* _Exercise directions_:
The full listing, exactly as written and with no images, is the expected output.

* _Recorded information_:

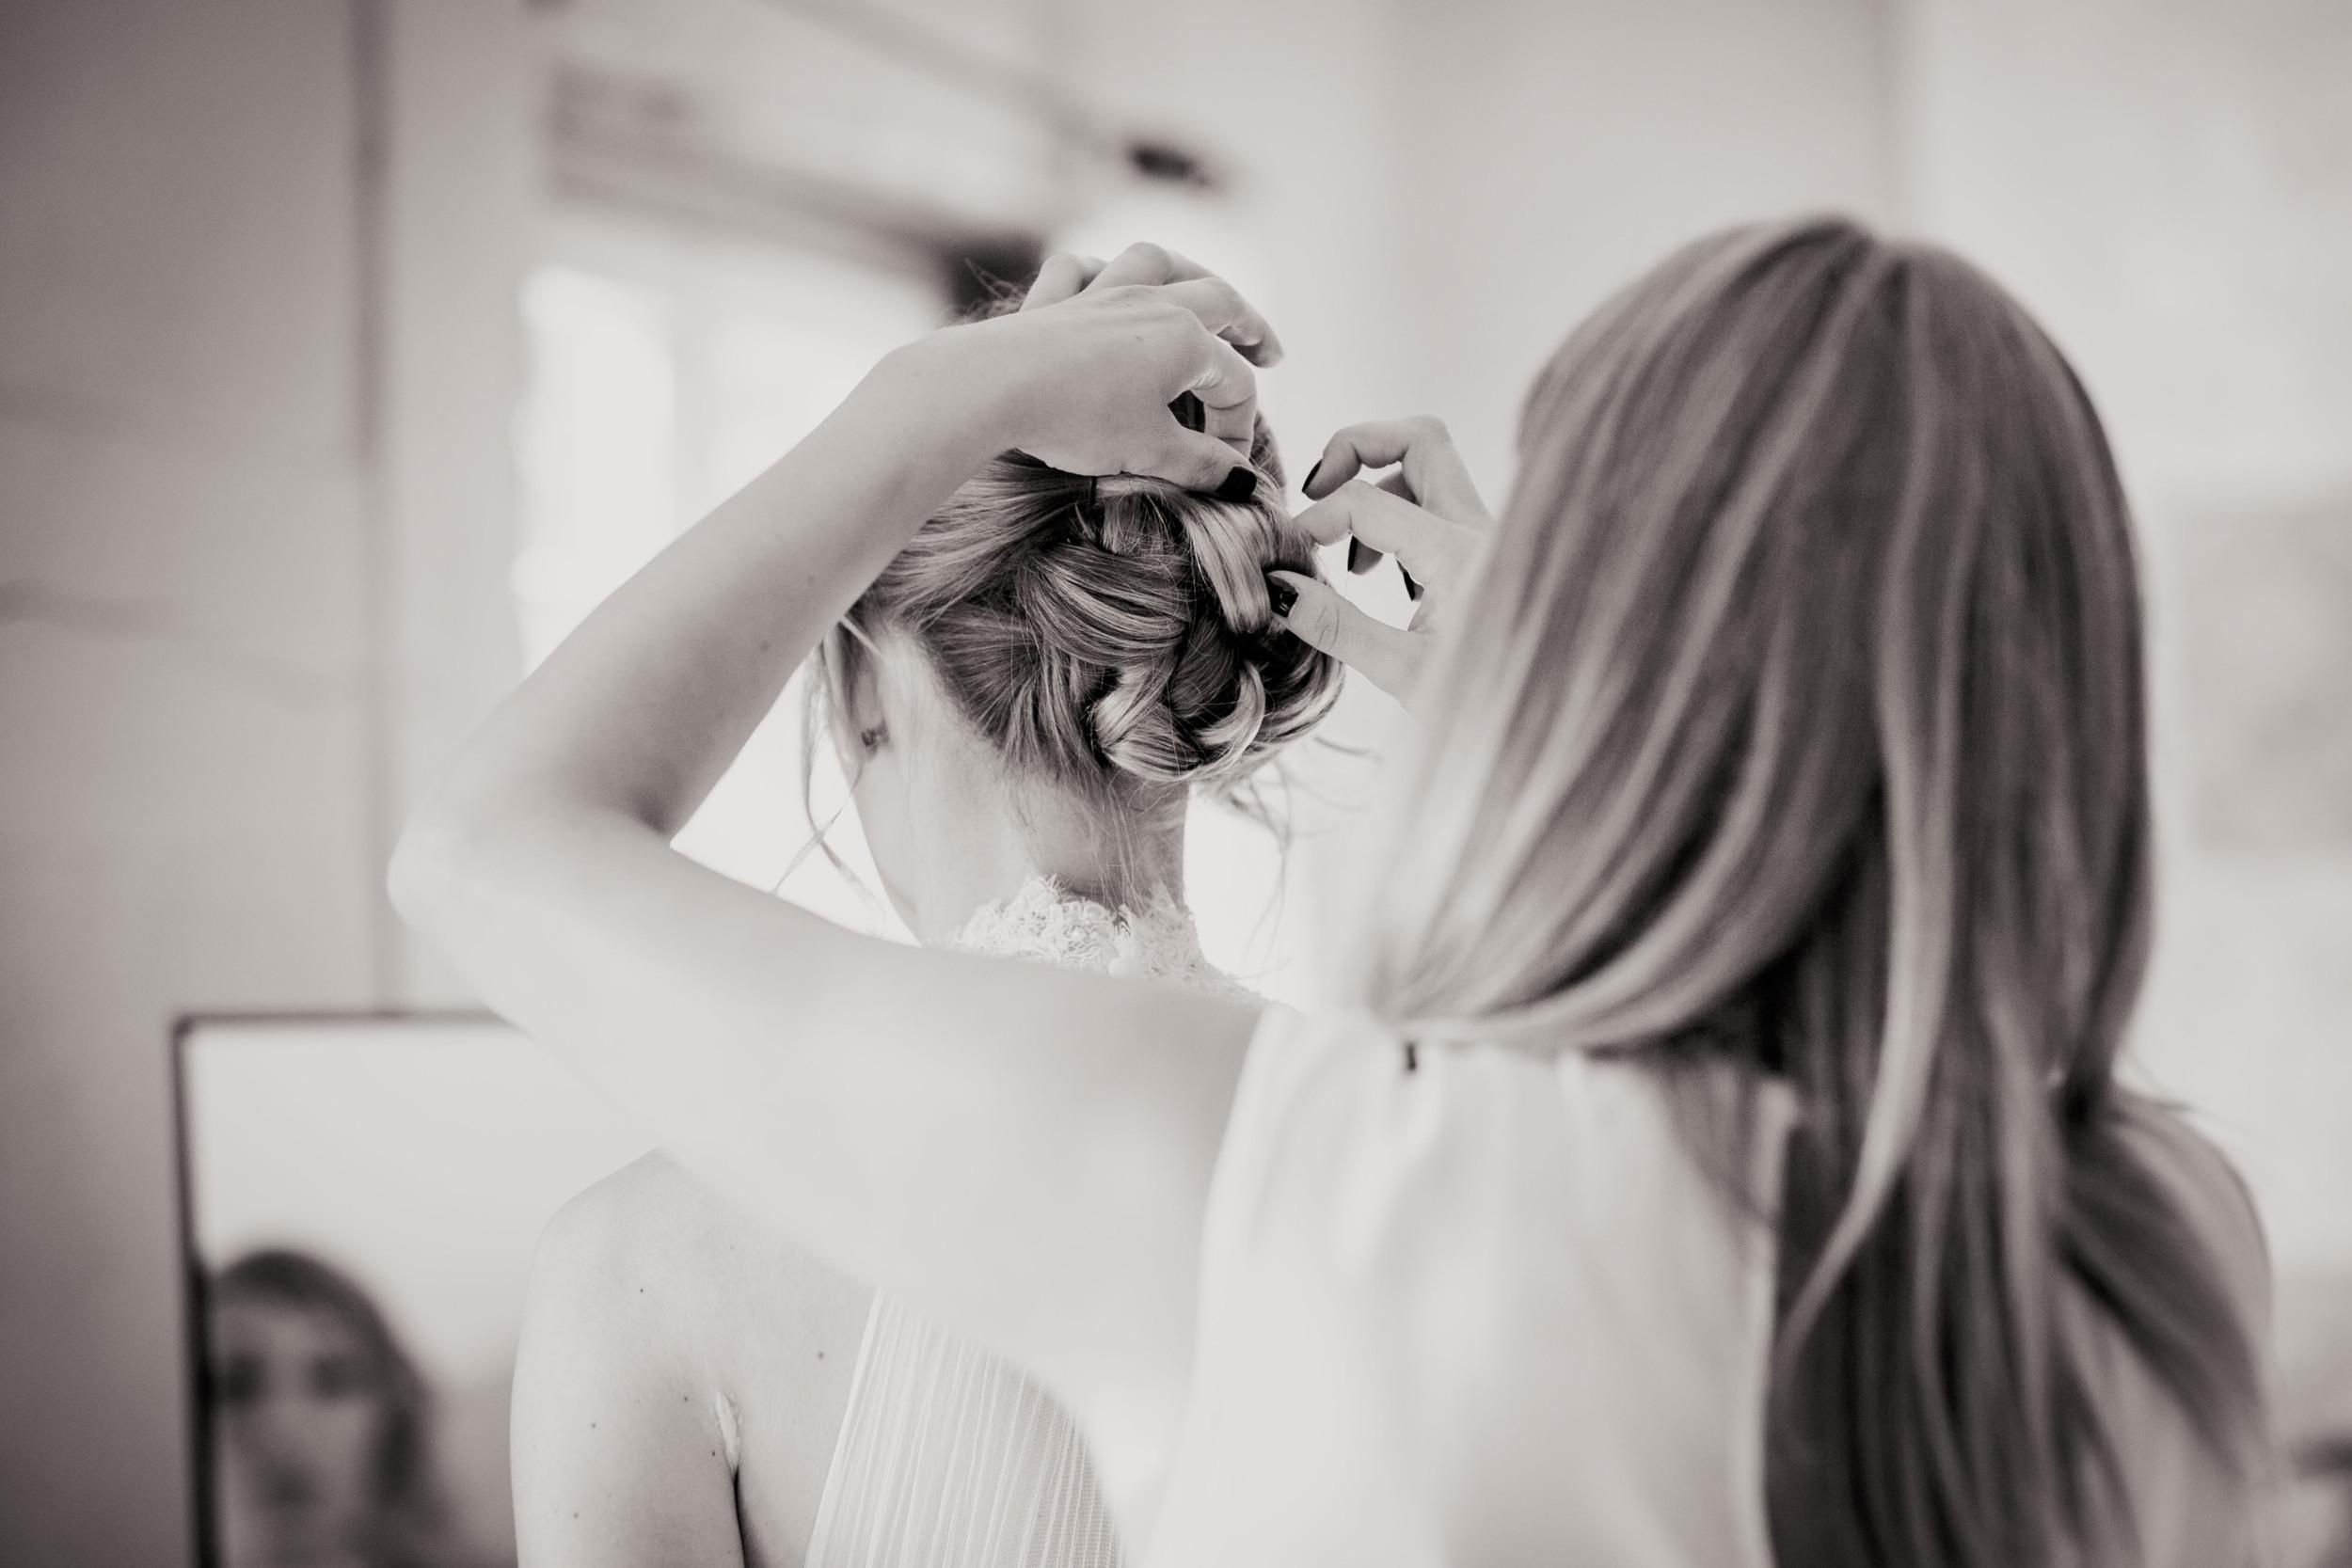 Fran Burrows Hochzeitsfotografie_Kulturgut Wrechen Hochzeit-9.jpg
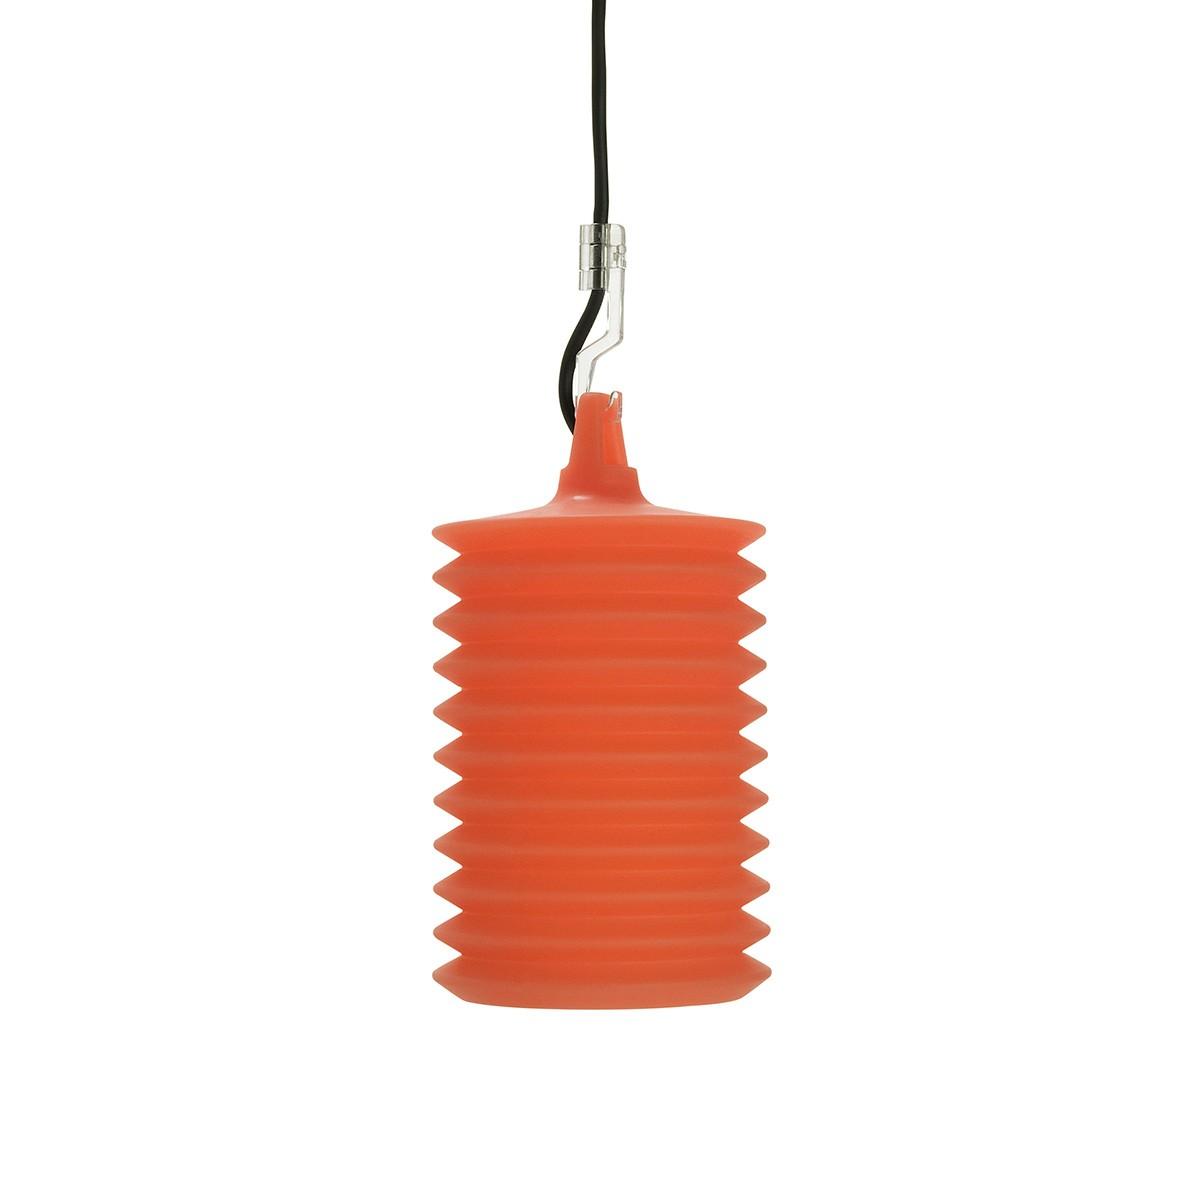 Rotaliana Lampion H2 Pendelleuchte, orange, ohne Stecker
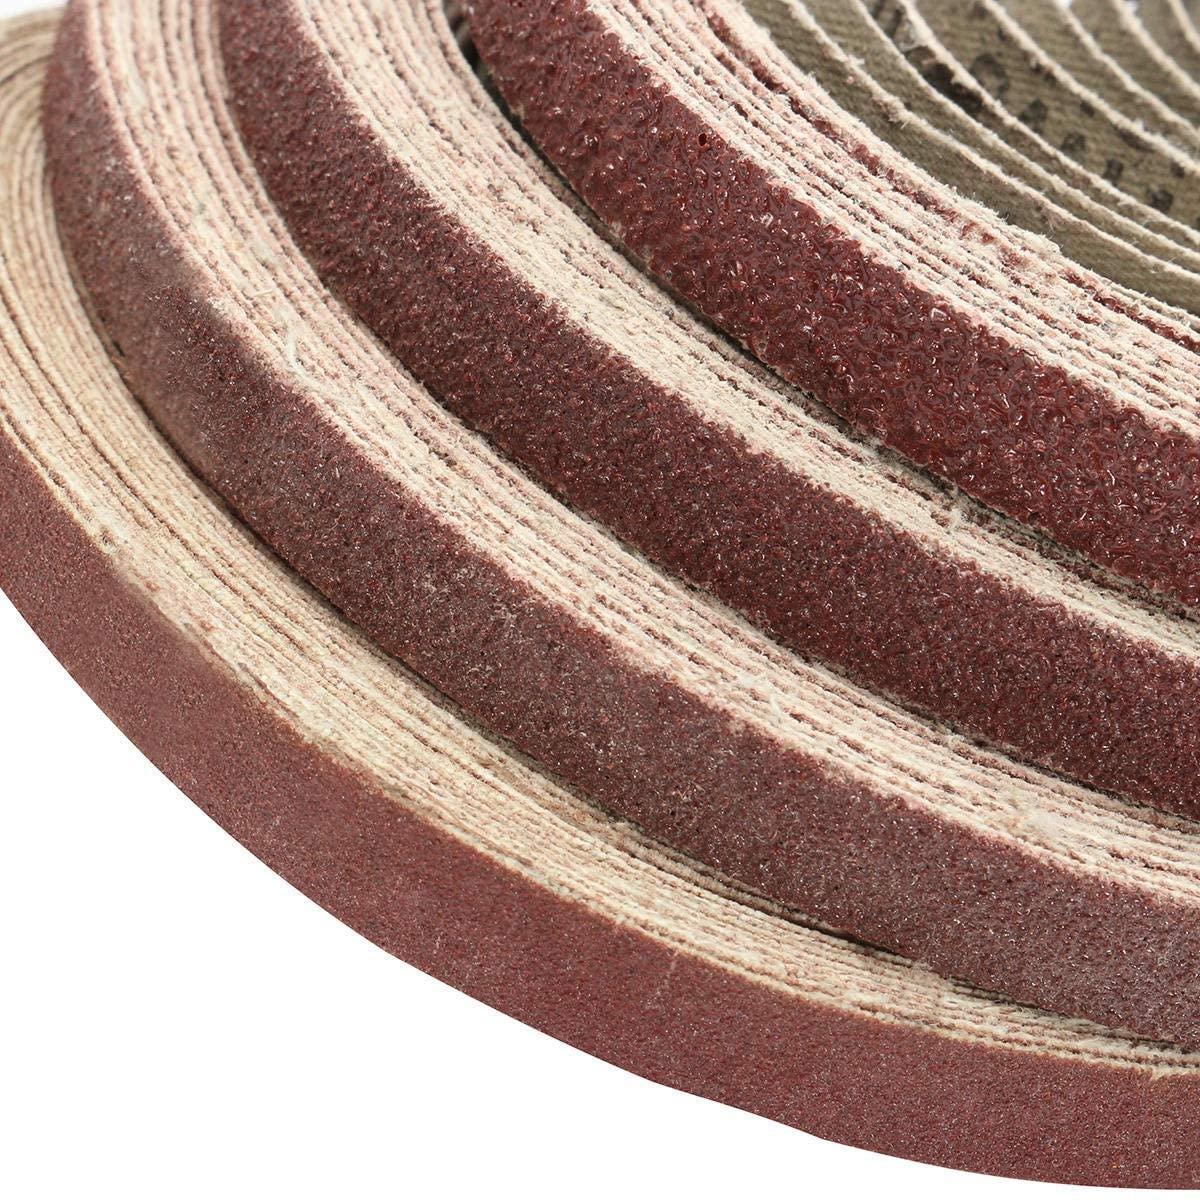 Nuokix 50pcs 10x330mm Zirconia Sanding Belt 40/60/80/120 Grit Aluminium Oxide Abrasive Tools Abrasive (Size : 120#)

* _Output below_:
 Fran Burrows Hochzeitsfotografie_Kulturgut Wrechen Hochzeit-9.jpg
 Rotaliana Lampion H2 Pendelleuchte, orange, ohne Stecker
 Nuokix 50pcs 10x330mm Zirconia Sanding Belt 40/60/80/120 Grit Aluminium Oxide Abrasive Tools Abrasive (Size : 120#)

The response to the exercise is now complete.